Generate base64 values with echo -n 'your-value' | base64. In a real production cluster, use something like External Secrets Operator to pull from a proper secret store rather than baking values directly into manifests.

Deployment manifest

apiVersion: apps/v1
kind: Deployment
metadata:
  name: openclaw-gateway
  namespace: openclaw
spec:
  replicas: 3
  selector:
    matchLabels:
      app: openclaw-gateway
  strategy:
    type: RollingUpdate
    rollingUpdate:
      maxUnavailable: 1
      maxSurge: 1
  template:
    metadata:
      labels:
        app: openclaw-gateway
    spec:
      containers:
      - name: gateway
        image: openclaw/openclaw:latest
        ports:
        - containerPort: 18789
        envFrom:
        - secretRef:
            name: openclaw-secrets
        volumeMounts:
        - name: config
          mountPath: /root/.openclaw
        - name: workspace
          mountPath: /root/workspace
        resources:
          limits:
            cpu: "2"
            memory: "2Gi"
          requests:
            cpu: "1"
            memory: "1Gi"
        livenessProbe:
          httpGet:
            path: /health
            port: 18789
          initialDelaySeconds: 30
          periodSeconds: 10
          failureThreshold: 3
        readinessProbe:
          httpGet:
            path: /health
            port: 18789
          initialDelaySeconds: 5
          periodSeconds: 5
      volumes:
      - name: config
        persistentVolumeClaim:
          claimName: openclaw-config-pvc
      - name: workspace
        persistentVolumeClaim:
          claimName: openclaw-workspace-pvc

Three replicas is a reasonable starting point for HA: it tolerates one pod going down (for maintenance or a crash) while still keeping two active.
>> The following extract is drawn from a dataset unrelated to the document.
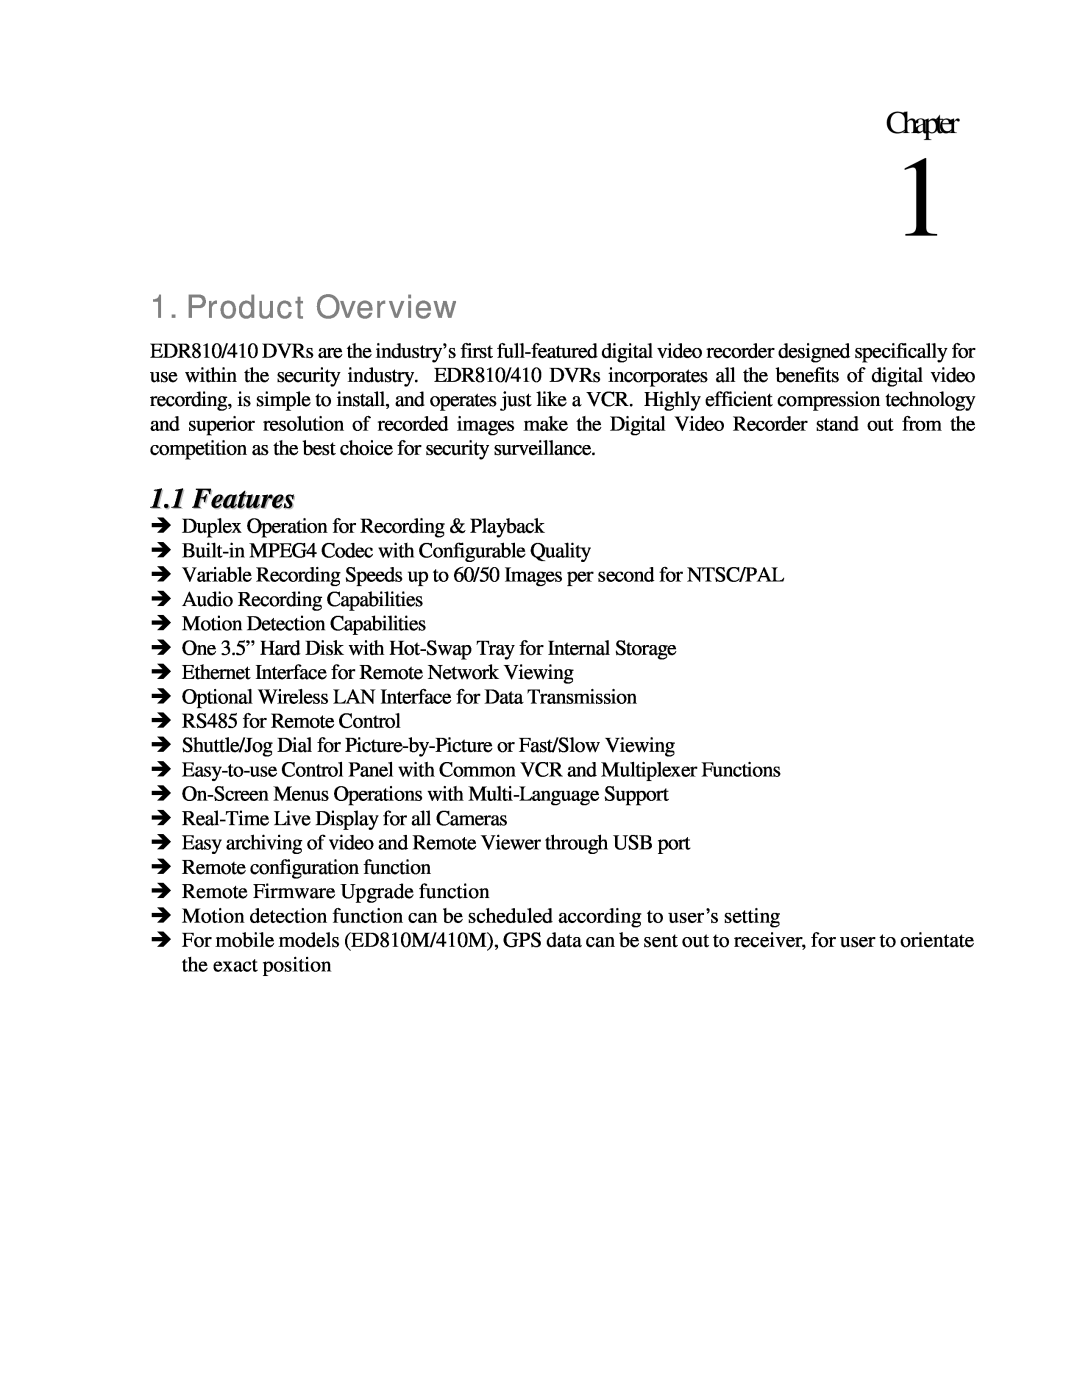 EverFocus EDR410M, EDR810H, EDR410H, EDR810M instruction manual Chapter, Product Overview, Features

The liveness probe restarts the container if the gateway stops responding; the readiness probe removes a pod from the load balancer rotation until it's actually ready to serve traffic.

Persistent volumes

This is where multi-replica OpenClaw deployments get interesting. The config and workspace volumes need ReadWriteMany access mode so multiple pods can mount them simultaneously. Not all storage providers support RWX — local-path provisioner doesn't, AWS EBS doesn't, but NFS, CephFS, and Longhorn do. If your cluster doesn't have an RWX-capable storage class, NFS is the easiest option to add:

apiVersion: v1
kind: PersistentVolumeClaim
metadata:
  name: openclaw-config-pvc
  namespace: openclaw
spec:
  accessModes:
    - ReadWriteMany
  storageClassName: nfs-client
  resources:
    requests:
      storage: 10Gi

---
apiVersion: v1
kind: PersistentVolumeClaim
metadata:
  name: openclaw-workspace-pvc
  namespace: openclaw
spec:
  accessModes:
    - ReadWriteMany
  storageClassName: nfs-client
  resources:
    requests:
      storage: 20Gi

If you're running advanced memory backends (QMD, Cognee, Mem0) as discussed in the advanced memory management guide, those services should each get their own PVCs and ideally run as separate deployments rather than being bundled with the gateway. The gateways then connect to them via internal cluster DNS, which keeps storage concerns separated and makes individual scaling cleaner.

Service and Ingress

apiVersion: v1
kind: Service
metadata:
  name: openclaw-service
  namespace: openclaw
spec:
  selector:
    app: openclaw-gateway
  ports:
  - name: gateway
    port: 18789
    targetPort: 18789
  type: ClusterIP

---
apiVersion: networking.k8s.io/v1
kind: Ingress
metadata:
  name: openclaw-ingress
  namespace: openclaw
  annotations:
    cert-manager.io/cluster-issuer: "letsencrypt-prod"
    nginx.ingress.kubernetes.io/proxy-read-timeout: "3600"
    nginx.ingress.kubernetes.io/proxy-send-timeout: "3600"
spec:
  rules:
  - host: openclaw.example.com
    http:
      paths:
      - path: /
        pathType: Prefix
        backend:
          service:
            name: openclaw-service
            port:
              number: 18789

The extended proxy timeouts matter because the gateway uses WebSockets for some channel communication, and default nginx timeouts of 60 seconds will drop those connections. Set them to at least 3600 seconds (one hour).

Horizontal Pod Autoscaler

Once you have resource requests and limits defined in your deployment, HPA can scale replicas up and down based on CPU utilization:

apiVersion: autoscaling/v2
kind: HorizontalPodAutoscaler
metadata:
  name: openclaw-hpa
  namespace: openclaw
spec:
  scaleTargetRef:
    apiVersion: apps/v1
    kind: Deployment
    name: openclaw-gateway
  minReplicas: 2
  maxReplicas: 10
  metrics:
  - type: Resource
    resource:
      name: cpu
      target:
        type: Utilization
        averageUtilization: 70

70% CPU utilization as the scale-up trigger is conservative, which is intentional — you want to add capacity before you're already saturated, not after. The minimum of 2 replicas ensures you always have a fallback if one pod dies.

Pod Disruption Budget

A PDB prevents Kubernetes from taking down too many replicas at once during node maintenance or cluster upgrades:

apiVersion: policy/v1
kind: PodDisruptionBudget
metadata:
  name: openclaw-pdb
  namespace: openclaw
spec:
  minAvailable: 2
  selector:
    matchLabels:
      app: openclaw-gateway

With minAvailable: 2 and three replicas, Kubernetes will never voluntarily take down more than one pod at a time, which means your deployment stays available throughout cluster maintenance windows.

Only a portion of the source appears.